As for the relatively low total arrest number, Sugars noted that journalist arrests strongly correlate to civil unrest. That’s what accounted for the spike in 2020, when all but nine of 146 arrests occurred during protests. “We routinely find that a protest is the most dangerous assignment for a journalist, not only because of the threat of arrest but also assault,” as well as equipment seizure by law enforcement officers, Sugars said.

She explained that a lower number of arrests more likely reflects a lower number of protests — not a lasting change in the attitudes of law enforcement.

Stern added that, although there have been some recent statements from the federal government supporting the rights of journalists to cover protests, little has been done to turn those words into practice. That’s concerning, especially heading into an election year that could see more than its share of civil unrest.

In the meantime, police departments are coming up with creative new ways to crack down on coverage of protests, like declaring entire protest areas crime scenes to exclude reporters.

Government hostility toward the press also manifested itself in ways not necessarily captured by arrest statistics. Stern highlighted the law enforcement raids of the Marion County Record in Kansas and of independent journalist Tim Burke’s home newsroom in Florida.

Newsroom raids, he explained, had been practically unheard of in recent decades because they’re illegal under the Privacy Protection Act of 1980. “They rarely happen because they’re not supposed to happen,” he said. “Two in a year is very concerning.”

Stern also discussed the restraining order obtained by an Arizona state senator, Wendy Rogers, against a journalist who had knocked on her door to investigate her residency. He noted, too, that the same Calumet City authorities who ticketed Sanders had also attempted to obtain a restraining order to bar him from city hall — all for asking officials questions.

Sugars and Stern agreed that the problem of arrests and other harassment of journalists is a national one. While incidents that garnered the most headlines this year occurred in rural Kansas and Alabama, the issue is by no means limited to small towns or red states.

Sugars observed that two arrests this year occurred in New York, which has had plenty of press freedom problems in recent years. But she singled out authorities on the opposite coast — specifically, the Los Angeles Police Department — as among the most “atrocious” offenders, for reasons ranging from uses of excessive force to “kettling” journalists for mass arrests.

Stern cautioned that, while some in large coastal cities may think their officials “are more enlightened, no, they’re not. The evidence doesn’t bear that out whatsoever.”
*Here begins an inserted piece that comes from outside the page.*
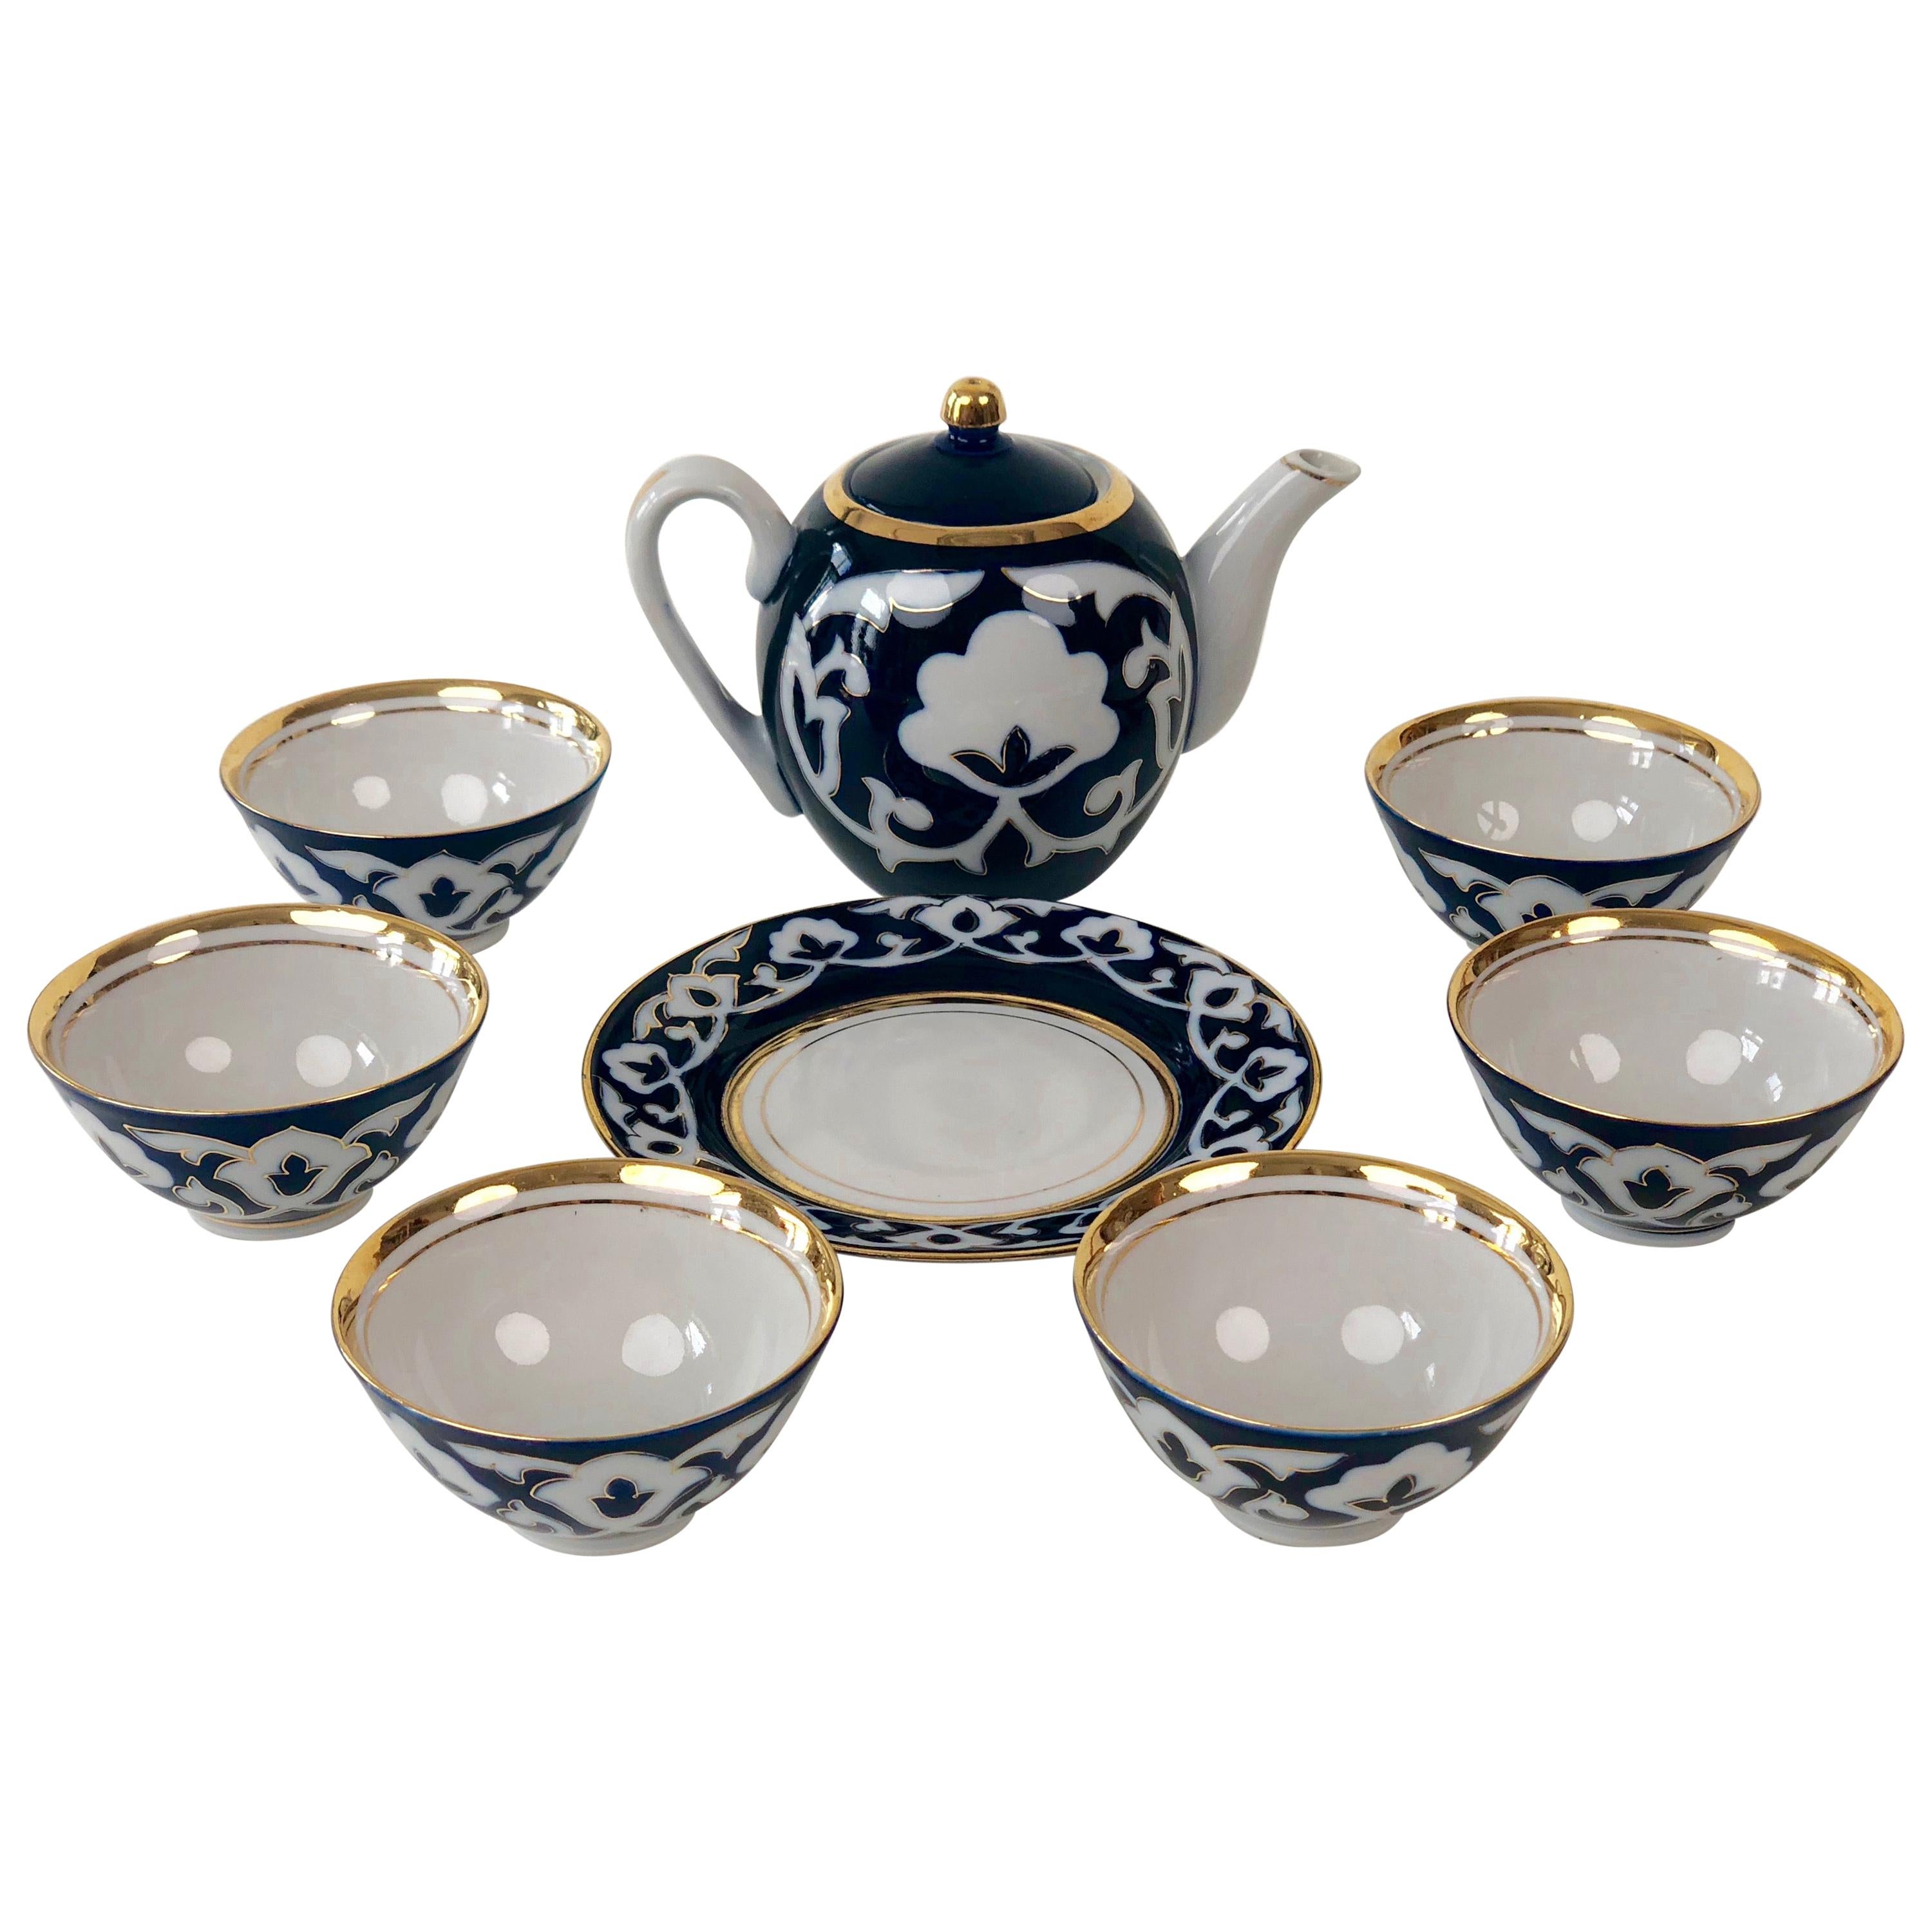 Hand Painted Porcelain Tea Set from Central Asia in Kobalt Blue & Gold

Both Stern and Sugars closed with calls for everyone who values the First Amendment to do their part to bring more attention to press freedom violations, regardless of whether the victims are household names or little-known freelancers. Journalists or others aware of violations should always inform the Tracker through its incident submission site.

But they shouldn’t stop there. It’s vital that journalists get over their reluctance to make themselves the story, and cover press freedom violations just like they would any other abuse of government power to infringe constitutional freedoms. Newsprint is the one thing journalists have more of than anyone else and they should use it to fight back.